Discuss the implications of dispossession of the land for the spirituality of Aboriginal people.

Land to Aboriginal Australian’s is incredibly important. The traditional owner of the Brisbane area
once said, “We were born from the land. We will return to the land when we die.” It is viewed as the
most significant part of their existence and is all that is needed for their survival. When Captain Cook
arrived on Australian soil in 1788, he declared it ‘terra nullius’ meaning ‘land belonging to no-one’.
However, it did, and until very recently, it hasn’t been acknowledged that Aborigines are the
traditional owners of Australia. Hence the implications of the dispossession of their land on their
spirituality have not been acknowledged until now.

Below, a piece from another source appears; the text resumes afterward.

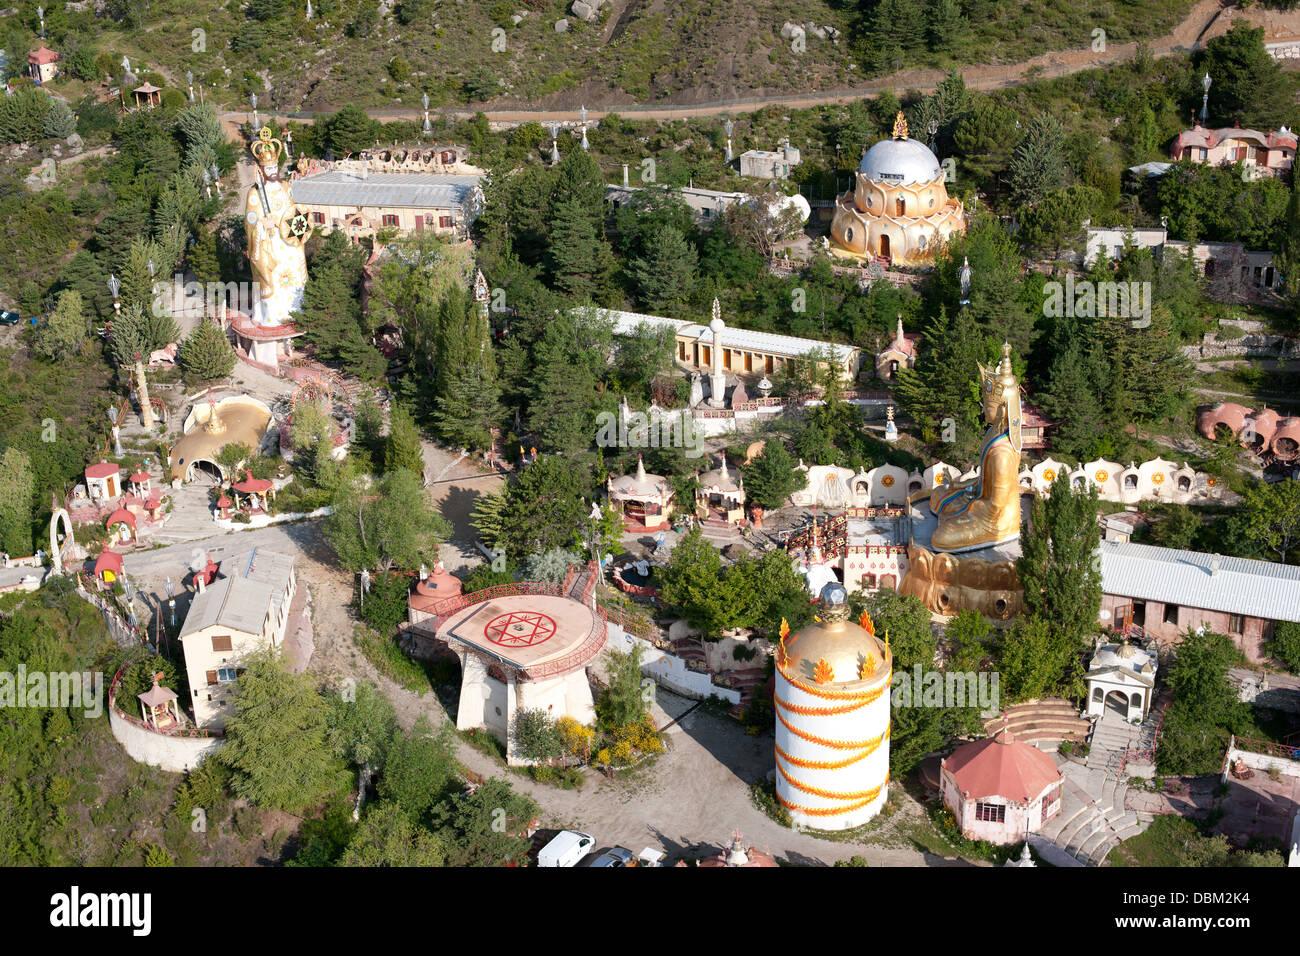 MANDAROM (vista aérea). Sede de un grupo religioso. Encima del lago Castillon, Verdon Valle, Alpes-de-Haute Imagen De Stock

The Dreaming and land is central to Aboriginal spirituality. From Native Title and Land Rights, a
quote was made that stated that, “For Aboriginal people, land is not only our mother – the source of
our identity and our spirituality – it is also the context for our human order and inquiry.” The
Dreaming of Indigenous Australian’s provides them with a past through stories of creation passed
down through ancestors. It also gives them a present, for example their way of life and everything
they will ever need to survive. Land also provides them with resources that are used for food,
medicine, shelter etc. However these resources (plants and animals) can also be spiritually tied to
individuals and tribes as totems. Land is incredibly sacred to Aboriginal people. Places that ‘white
man’ will never know are holy sites for ceremonies specific to their culture.
As described above, land to Aborigines is really everything to them and the enormity of it cannot be
expressed through words. So now imagine that all of this was to be ripped out from under them in one
swift movement. Now imagine the catastrophic consequences of this, which were never considered
nor foreseen.

The picture book The Rabbits portrays the possums’ lifestyle as connected to the land, leaving
minimal footprints or tracks. In 1788, the First Fleet arrived to settle in Australia. This was
symbolised as an invasion by the rabbits in The Rabbits. According to Land Rights, Sovereignty and
Health, “At no time have we given consent to the occupation of our land and seas. We are living in a
society that is living the lie of ‘terra nullius’.” This arrival is a settlement on Indigenous land and led
to buildings, fences, farming and destruction that were extremely foreign to the Aboriginal people.
They do try to defend themselves and their home, as described in The Rabbits, but the “weapons of
the rabbits were too large and deadly.” It wasn’t just their homes being destroyed; there were impacts
much more severe and irreversible for the Aborigines. Land Rights, Sovereignty and Health notes that
“the invasion, occupation, and subsequent cultural, legal, and spiritual imposition of the invader, has
denied us our sovereign rights, has dispossessed us of our land, suppressed our culture, suppressed
our identity, often sought to obliterate many of our languages and suppressed all and eliminated
many of our ceremonies and spiritual practices and beliefs.” The dispossession of the land wasn’t
just the loss of a material object, it was their sense of self and it defined who they were as a society. It
devastated Aborigines as the land embodies everything to them. It is the only thing they had known
for thousands of years. Therefore the implications of this loss would be felt for many decades in a
way that white Europeans could never have predicted. Land Rights, Sovereignty and Health states
that “such injustice inevitably causes disease, mental stress and illness in the one dominated. This
oppression is the cause for our physical and mental ill health as seen in our mortality and morbidity
rates.” This was because of European diseases such as influenza and the permanent scarring of
destroying a person’s identity. This results in a lifetime of not caring about one’s self which leads to
suicide, alcoholism and petrol sniffing. Also Kevin Rudd points out the “appalling 17 year life gap
between indigenous and non-indigenous in overall life expectancy”.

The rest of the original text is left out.